See `examples/mailbox_p2p.rs` and `examples/mailbox_pool.rs` for complete examples.

## Distributed Supervision

Run supervisors across processes or machines:

```rust
use ash_flare::distributed::{SupervisorServer, RemoteSupervisorHandle};

// Start supervisor server
let handle = SupervisorHandle::start(spec);
let server = SupervisorServer::new(handle);

tokio::spawn(async move {
    server.listen_tcp("127.0.0.1:8080").await.unwrap();
});

// Connect from another process/machine
let remote = RemoteSupervisorHandle::connect_tcp("127.0.0.1:8080").await.unwrap();
let children = remote.which_children().await.unwrap();
remote.shutdown().await.unwrap();
```

## Worker Lifecycle

Implement the `Worker` trait with optional lifecycle hooks:

```rust
use ash_flare::Worker;
use async_trait::async_trait;

struct MyWorker;

#[async_trait]
impl Worker for MyWorker {
    type Error = std::io::Error;

    async fn initialize(&mut self) -> Result<(), Self::Error> {
        // Called once before run()
        println!("Worker initializing...");
        Ok(())
    }

    async fn run(&mut self) -> Result<(), Self::Error> {
        // Main worker loop
        loop {
            // Do work...
        }
    }

    async fn shutdown(&mut self) -> Result<(), Self::Error> {
        // Called during graceful shutdown
        println!("Worker shutting down...");
        Ok(())
    }
}
```

## Error Handling

Workers return errors that trigger restart policies:

```rust
#[async_trait]
impl Worker for MyWorker {
    type Error = MyError;

    async fn run(&mut self) -> Result<(), Self::Error> {
        match self.do_work().await {
            Ok(_) => Ok(()), // Normal termination
            Err(e) => Err(e), // Triggers restart based on policy
        }
    }
}
```

## Structured Logging

Ash Flare uses `slog` for structured logging.
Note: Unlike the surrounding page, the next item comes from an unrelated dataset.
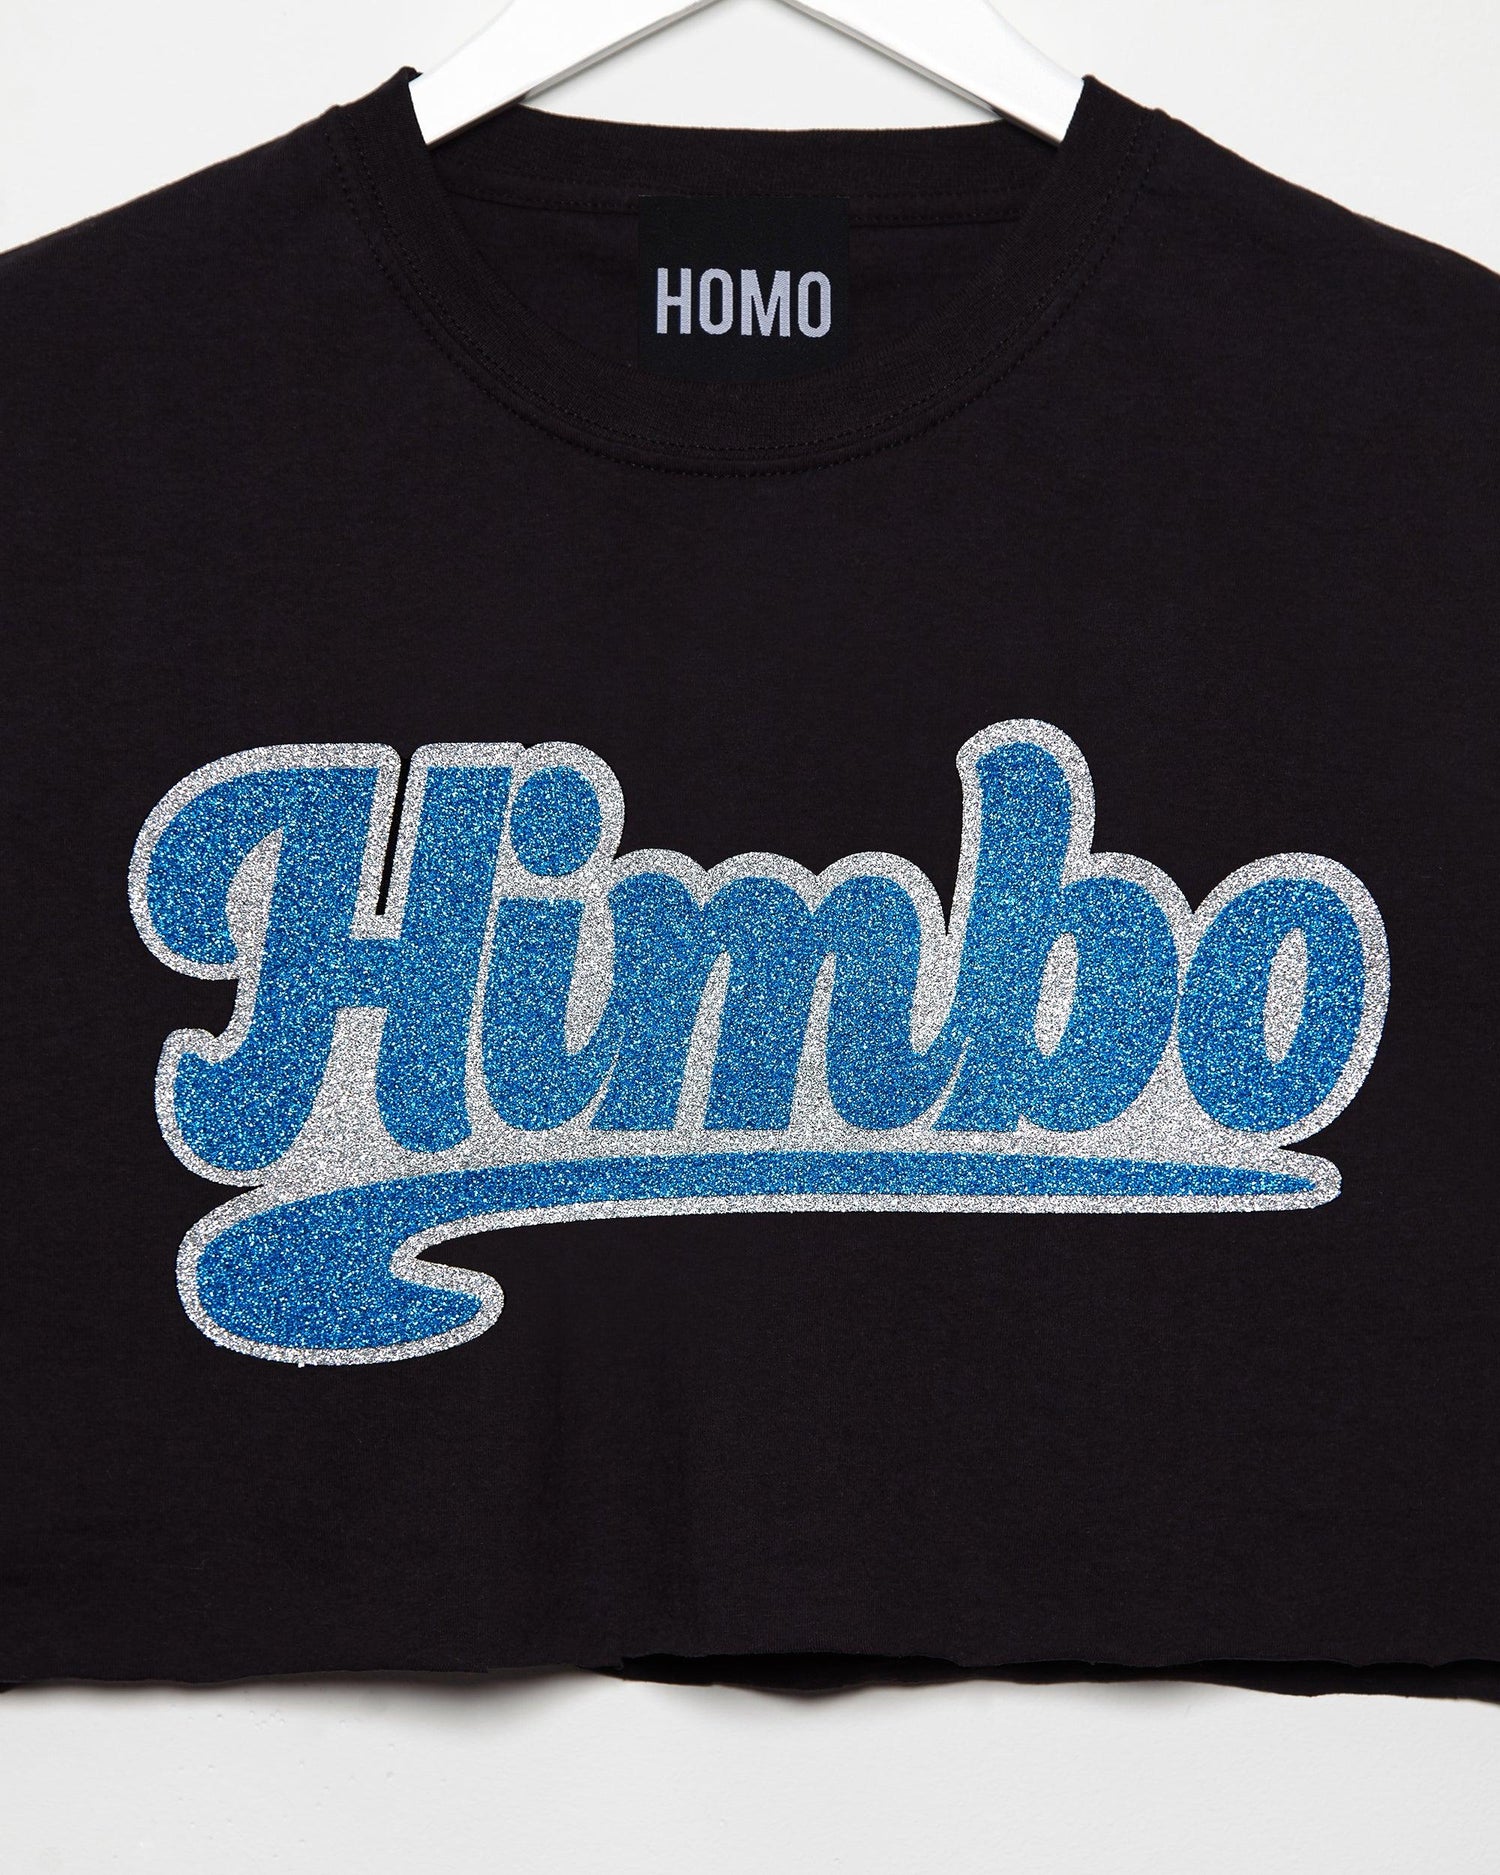 Himbo, blue/silver glitter on black - mens sleeveless crop top. - HOMOLONDON

To see logs, set up a global logger:

```rust
use slog::{Drain, Logger, o};
use slog_async::Async;
use slog_term::{FullFormat, TermDecorator};

fn main() {
    // Set up logger
    let decorator = TermDecorator::new().build();
    let drain = FullFormat::new(decorator).build().fuse();
    let drain = Async::new(drain).build().fuse();
    let logger = Logger::root(drain, o!());
    
    // Set as global logger
    let _guard = slog_scope::set_global_logger(logger);
    
    // Your supervision tree code here...
}
```

Logs include structured data for easy filtering:

```text
INFO server listening on tcp; address: "127.0.0.1:8080"
DEBUG child terminated; supervisor: "root", child: "worker-1", reason: Normal
ERROR restart intensity exceeded, shutting down; supervisor: "root"
```

## Examples

Check the `examples/` directory for more:

- `counter.rs` - Basic supervisor with multiple workers
- `start_link_demo.rs` - Linked child startup with initialization handshake
- `mailbox_p2p.rs` - Peer-to-peer worker communication with mailboxes
- `mailbox_pool.rs` - Worker pool sharing a mailbox
- `mailbox_macro.rs` - Using the mailbox worker macro
- `distributed.rs` - Network-distributed supervisors
- `super_tree.rs` - Complex nested supervision trees
- `interactive_demo.rs` - Interactive supervisor management

Run an example:

```bash
cargo run --example counter
cargo run --example start_link_demo
cargo run --example mailbox_p2p
```

## License

MIT License - see [LICENSE](LICENSE) file for details.

## Acknowledgments

Inspired by Erlang/OTP's in some way.

Some code generated with the help of AI tools.